Originally, his interest was in hieroglyphics from Egypt, before he began to read books on Arabic grammar. He perfected his skills in Arabic while living in Egypt and Lebanon.
EtymArab was launched more than two years ago and, so far, the database has only been open to a limited number of scholars but once technical issues are overcome, it is likely to be made available to researchers worldwide.

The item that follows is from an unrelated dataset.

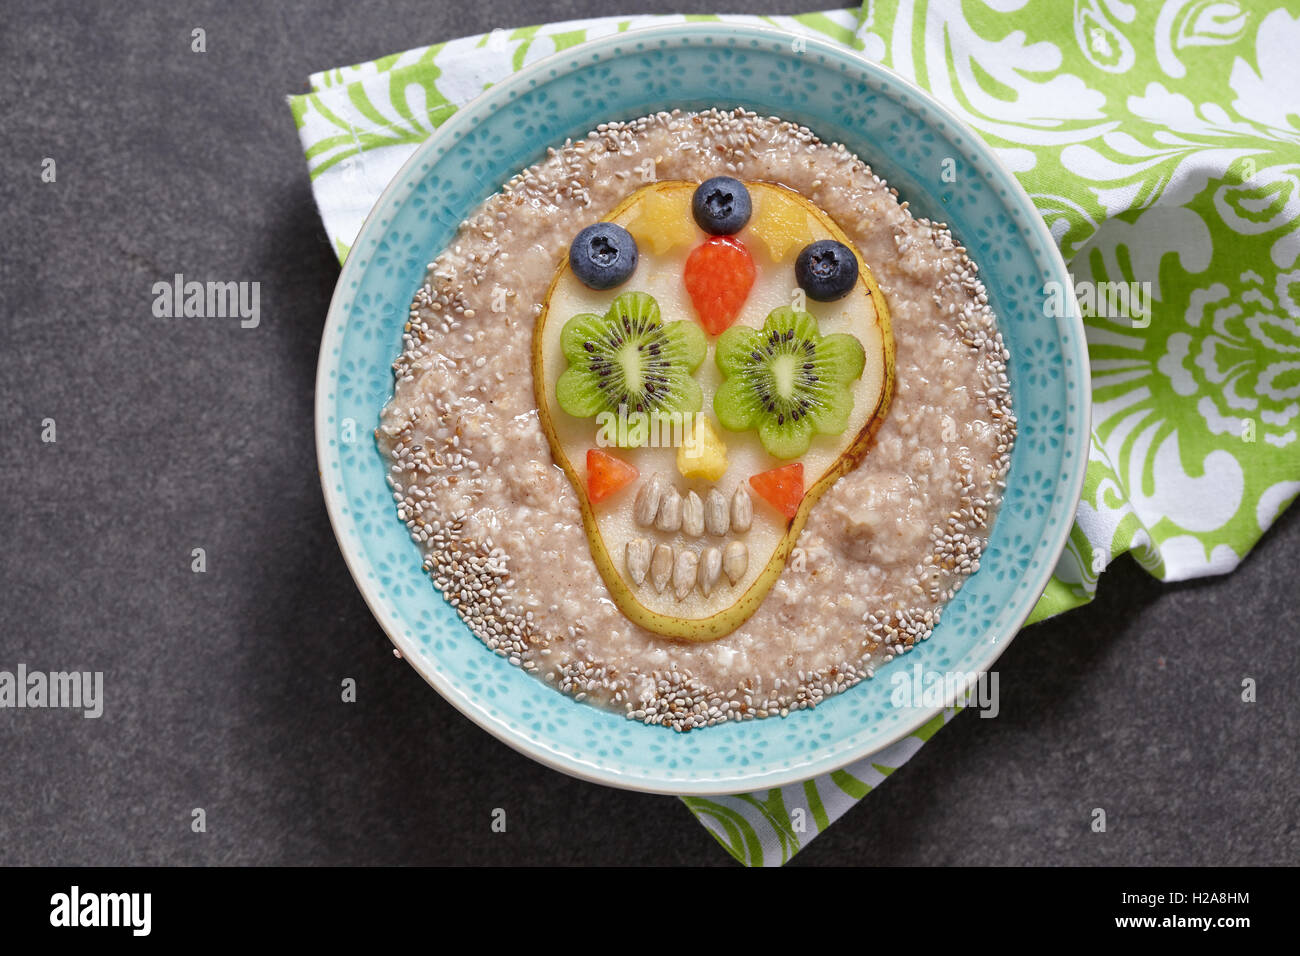 Sugar scull pear with oatmeal Stock Photo
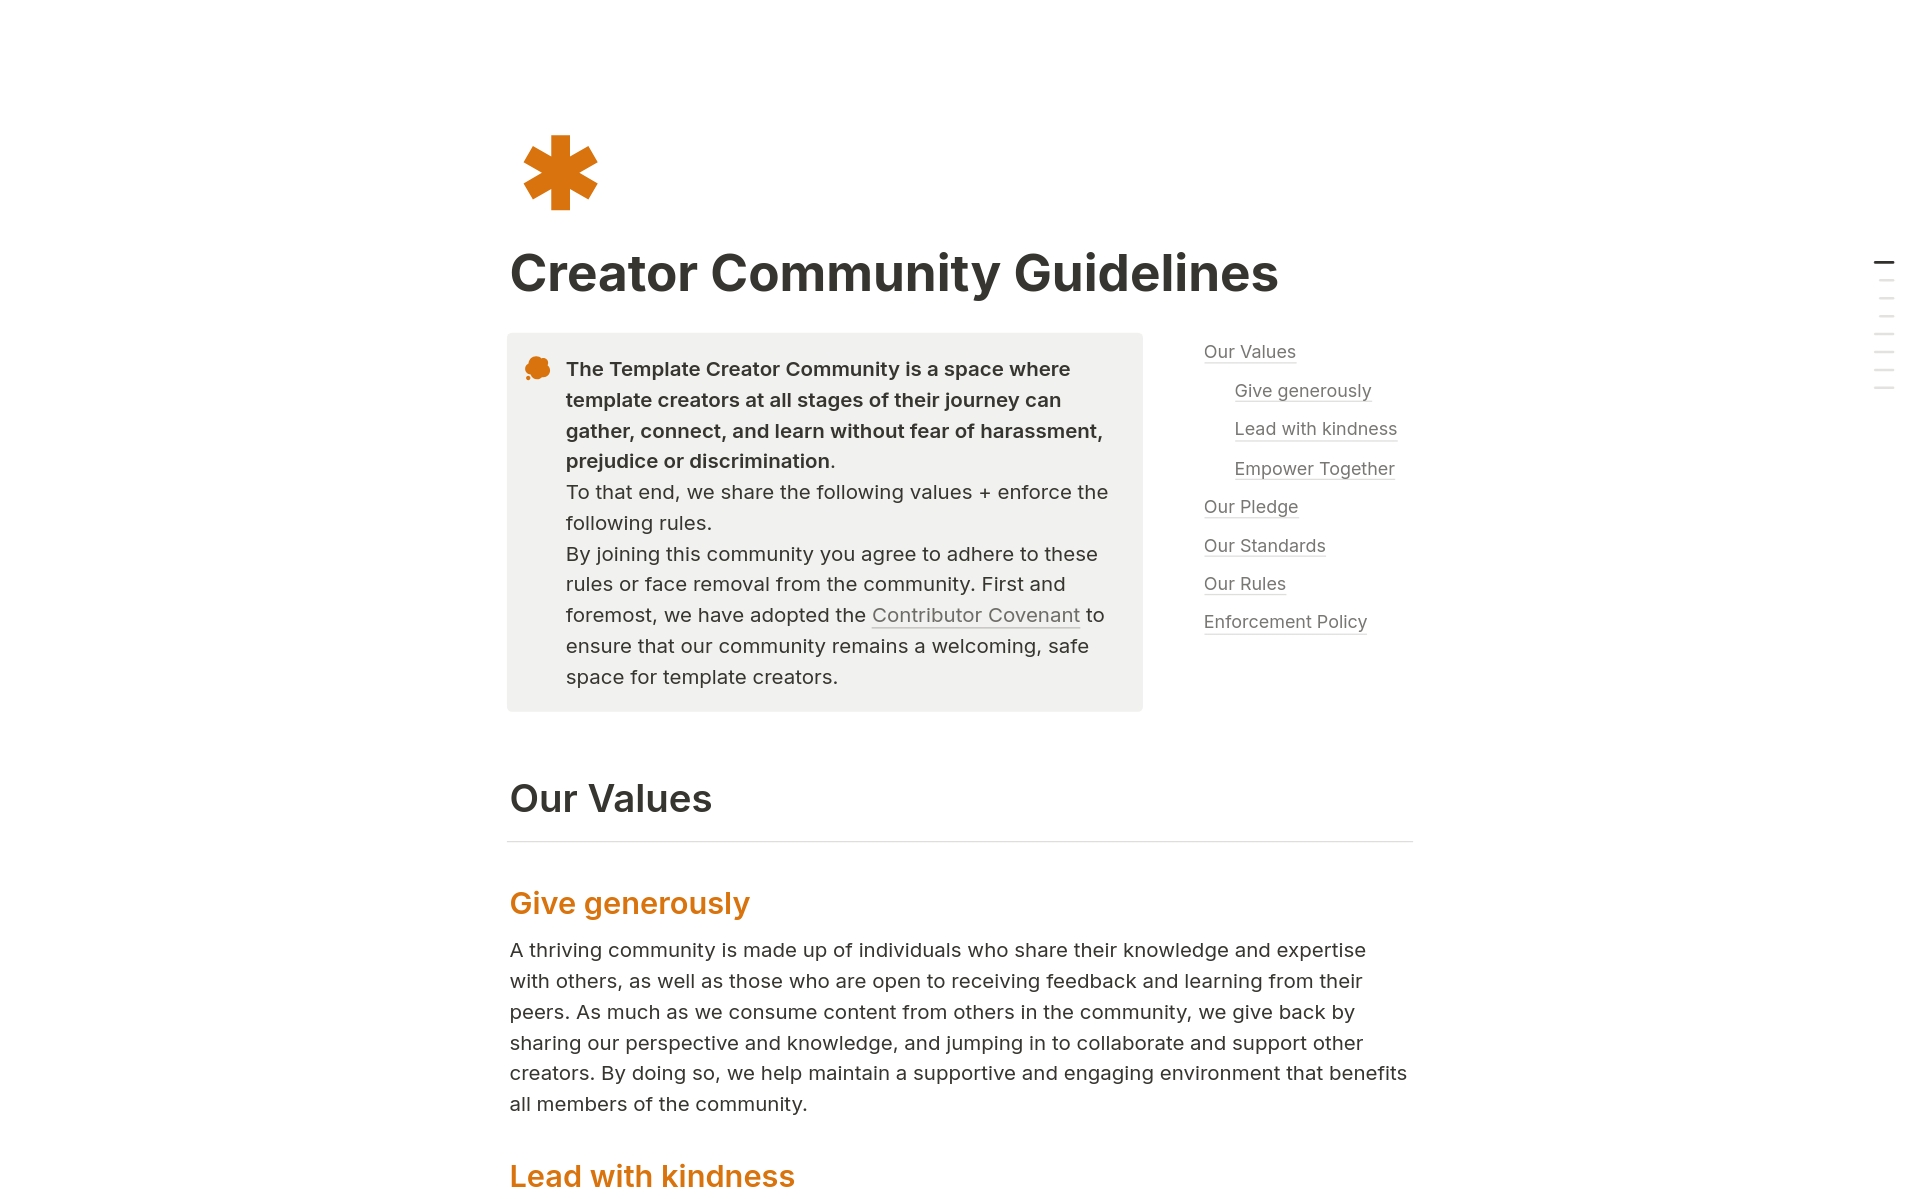 Clear and concise community guidelines template to ensure a respectful and safe environment.

Drawing comparison with efforts to produce something similarly exhaustive for the English language, Prof Guth believes the project could outlive him, and indeed the rest of us.
“This is a huge thing that we will be able to initiate and maybe work on for the next 20 or 30 years, if God gives me that lifespan,” he said.
“After that it will continue ... if you think about the Oxford English Dictionary, they started what we are starting now but it took more than 150 years before they produced what you can find online now or in big libraries with 20-volume editions.”